Homomorphisms in the definition of free products In the book "a Course in the Theory of Groups" of Derek J.S. Robinson, the free product of groups $ \{G_{\lambda} \vert\ \lambda \in \Lambda \} $ is a group $ G $ and a collection of homomorphisms $ \{ \iota_{\lambda} : G_{\lambda}  \vert\ \lambda \in \Lambda \}  $  such that given any group $ H $ and a homomorphisms $ \{ \phi_{\lambda} : G_{\lambda} \to H \} $, we have a unique homomorphism $ \phi : G \to H $ such that $ \iota_{\lambda} \phi  = \phi_{\lambda}$.
My question is that are these maps $ \iota_{\lambda} $ the standard injections, i.e. that for all $ \lambda \in \Lambda $,  $ \iota_{\lambda} (g) = g $ for all $g \in G_{\lambda} $?
 A: What you describe is the universal property of a coproduct. There is no explicit construction in your text, only the universal property, and depending on the construction the coproduct maps will be defined differently.

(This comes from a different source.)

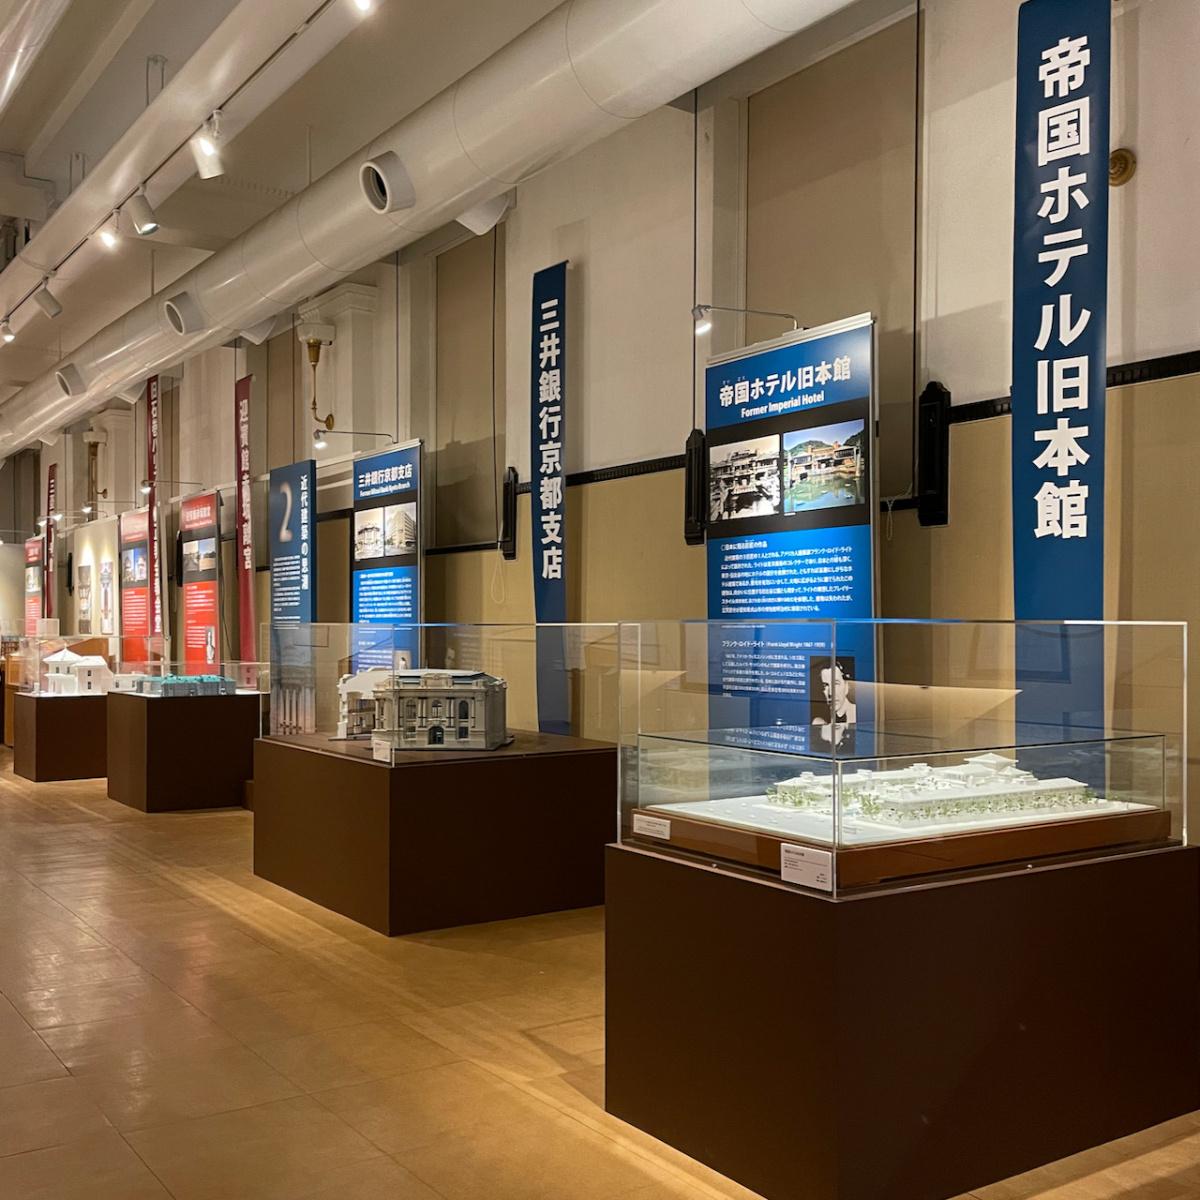 日本の伝統建築の技術がユネスコに登録に決定!  3つの会場で開催中の「日本のたてもの」展の見どころは?

Here is one construction which works. You form a big set $String(\bigsqcup_\lambda UG_\lambda)$ of strings with symbols from the set $\bigsqcup_\lambda UG_\lambda$. You turn that set of strings into monoid by concatination. Next, you define functions $i_\lambda: G_\lambda\to String(\bigsqcup_\lambda UG_\lambda)$ which send a $g\in G_\lambda$ to the string $g$ of length one. Next, you make the least amount of identifications on the set of strings which are necessary so that all the $i_\lambda$s become group homomorphism. The resulting set $String(\bigsqcup_\lambda UG_\lambda)/\sim$ with its induced monoid structure is in fact a group, and together with the maps $G_\lambda \to String(\bigsqcup_\lambda UG_\lambda) \to String(\bigsqcup_\lambda UG_\lambda)/\sim$ it is the coproduct and satisfies the universal property described in your question. Now you have a concrete description of the group morphisms $i_\lambda$.